Changes in leg kinematics in response to unpredictability in lateral jump execution.

Lateral movements like cutting are essential in many team sport disciplines. The aim of the present study was to analyse adaptations in motor control in response to task unpredictability during lateral movement execution. Twelve subjects performed lateral jumps with different landing modalities (stable, sliding or counteracting) that were either known (predictable setting) or unknown (unpredictable setting) prior to movement execution.

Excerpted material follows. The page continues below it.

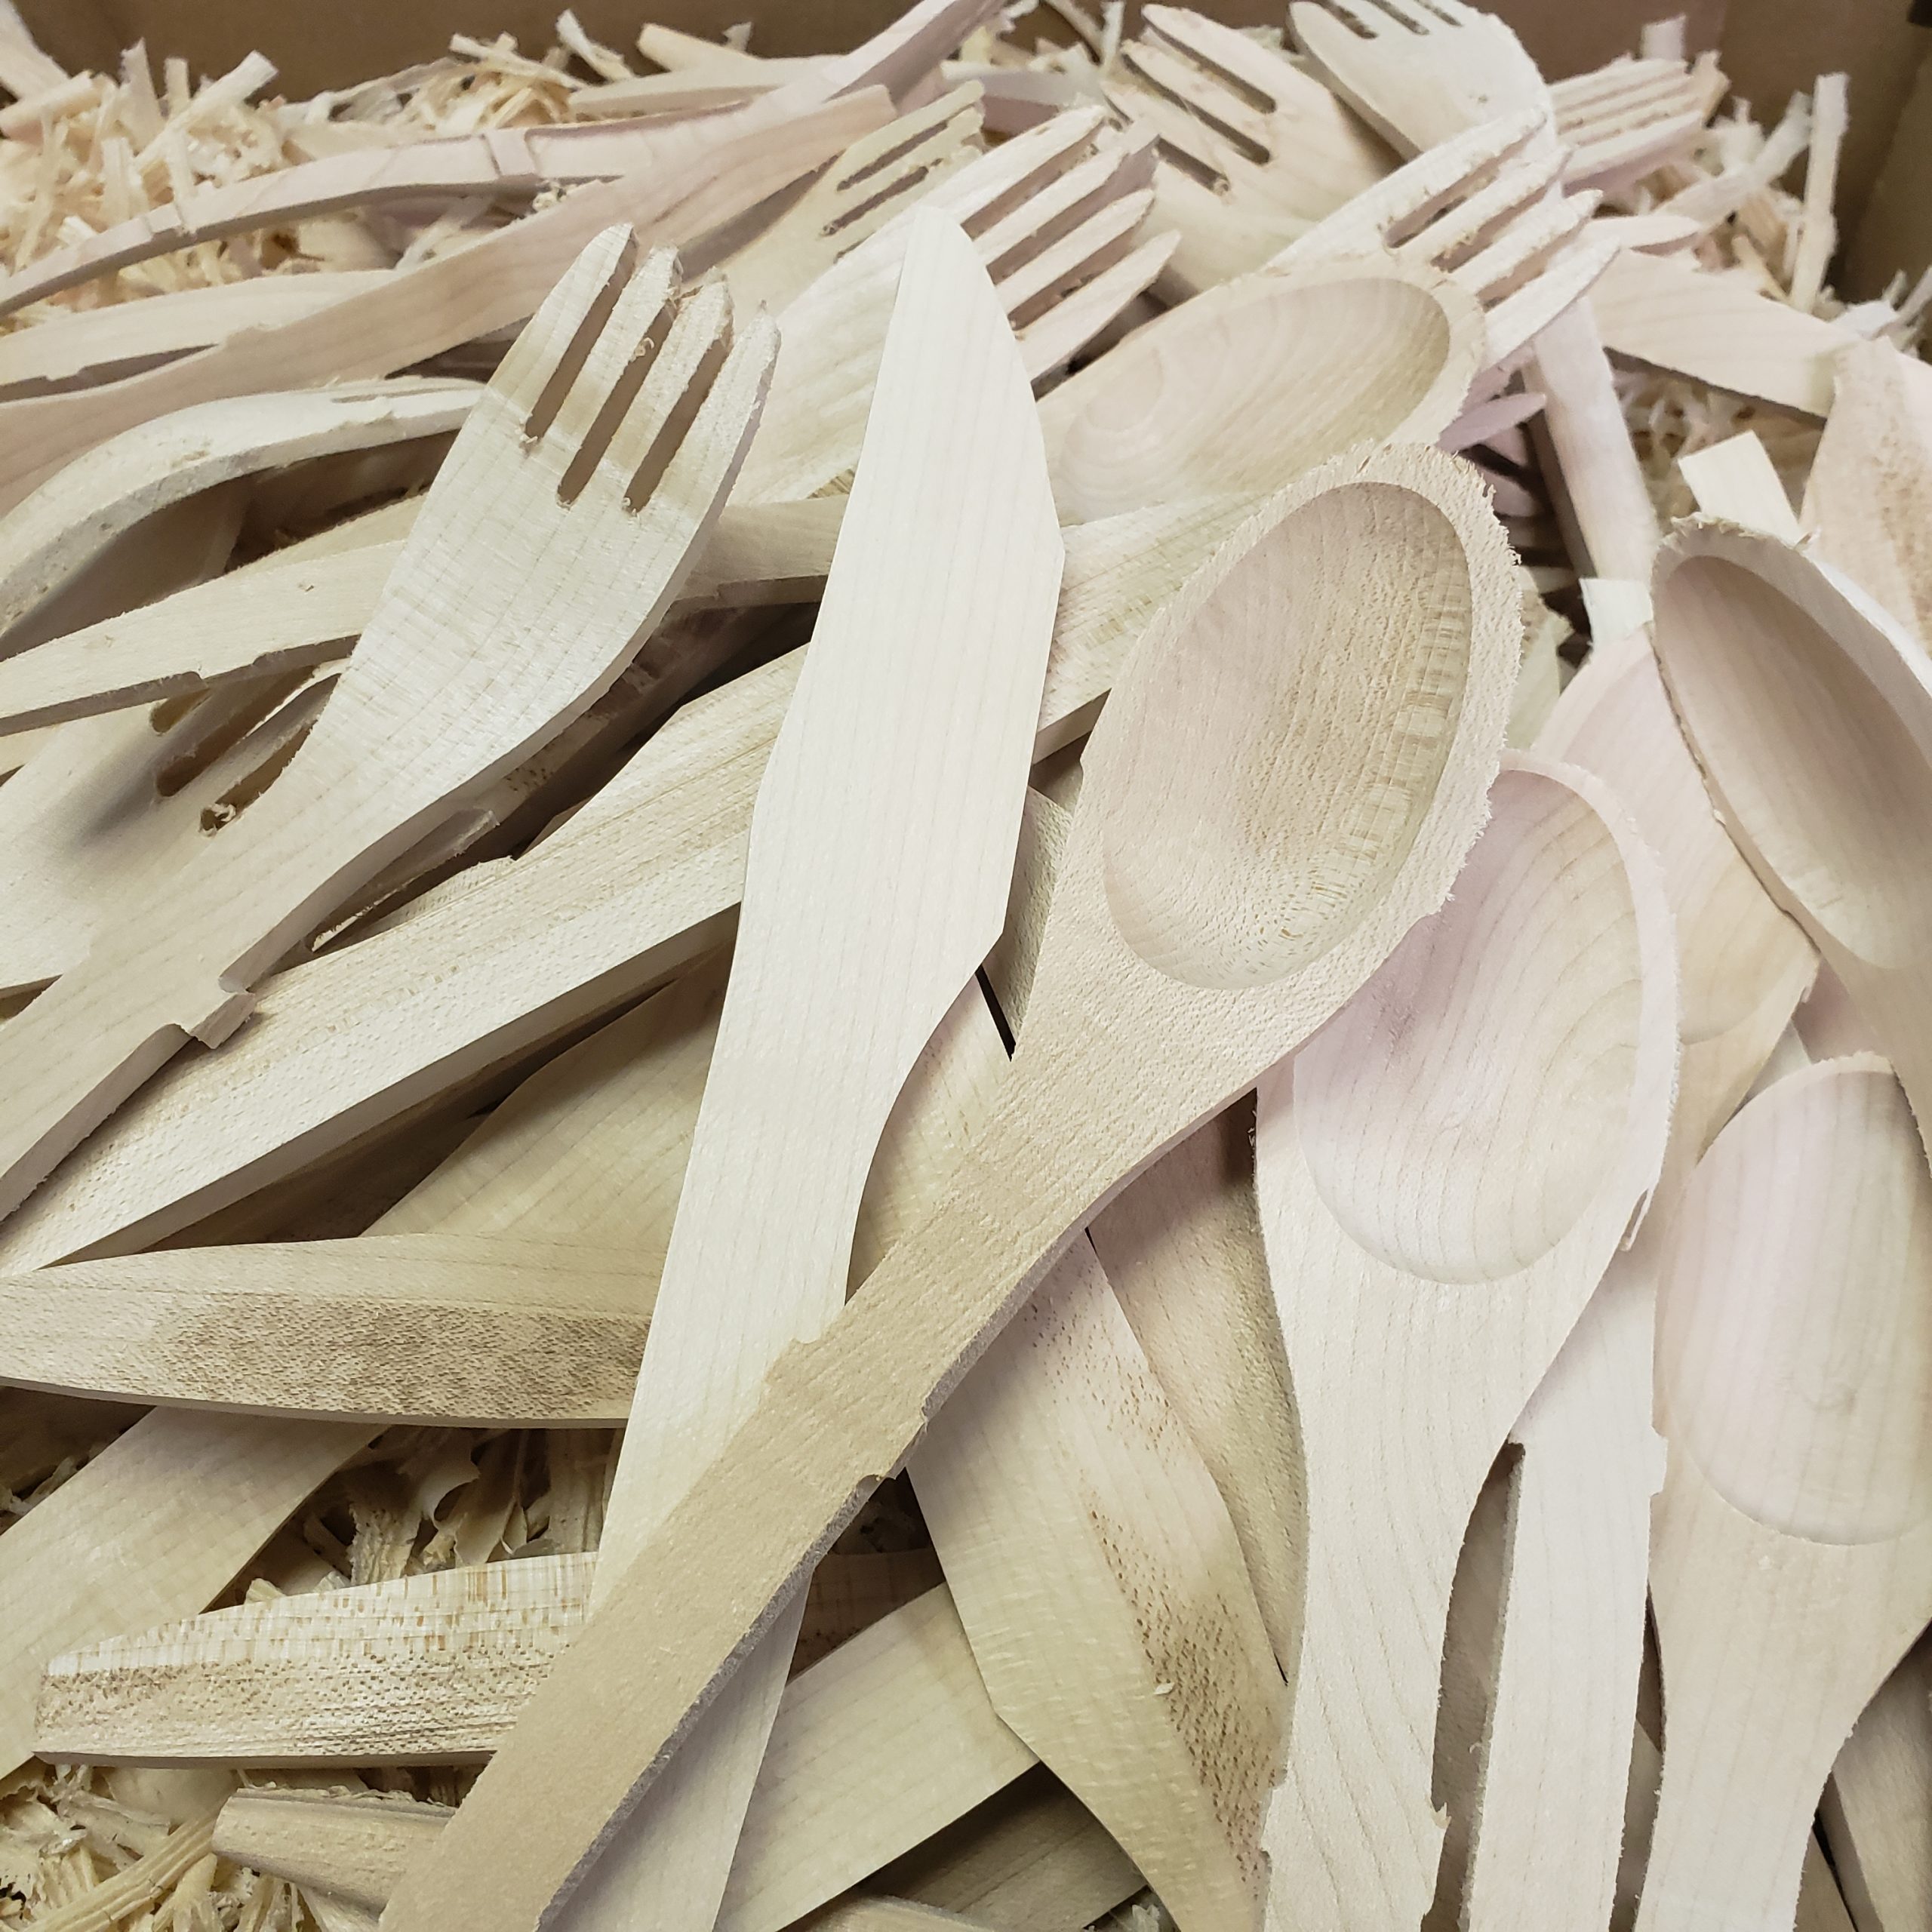 How are wooden utensils made

Results revealed that regardless of the landing modality, hip joint abduction was significantly greater in the unpredictable compared to predictable setting. Furthermore, during the sliding landing modality, hip flexion decreased from 211 ± 7° to 207 ± 7° and knee flexion decreased from 26 ± 4° to 24 ± 4° at the instant of ground contact in the unpredictable compared to predictable condition. During the stable landing modality, the knee joint abduction increased from -0.3 ± 6° to -3 ± 6° after initial ground contact in the unpredictable compared to predictable setting. The present results support our hypothesis that pre-programmed motor activity depends on the predictability of the landing modality during lateral movements. According to its adaptation in the frontal plane and in some extent in the sagittal plane, the hip joint seems to play the major role in the modulation of the pre-programmed activity for successful lateral jump execution in an unpredictable setting. However, these kinematic adaptations are concerning since these changes were associated with higher knee abduction during the stable landing modality and therefore with possible higher risk of injury.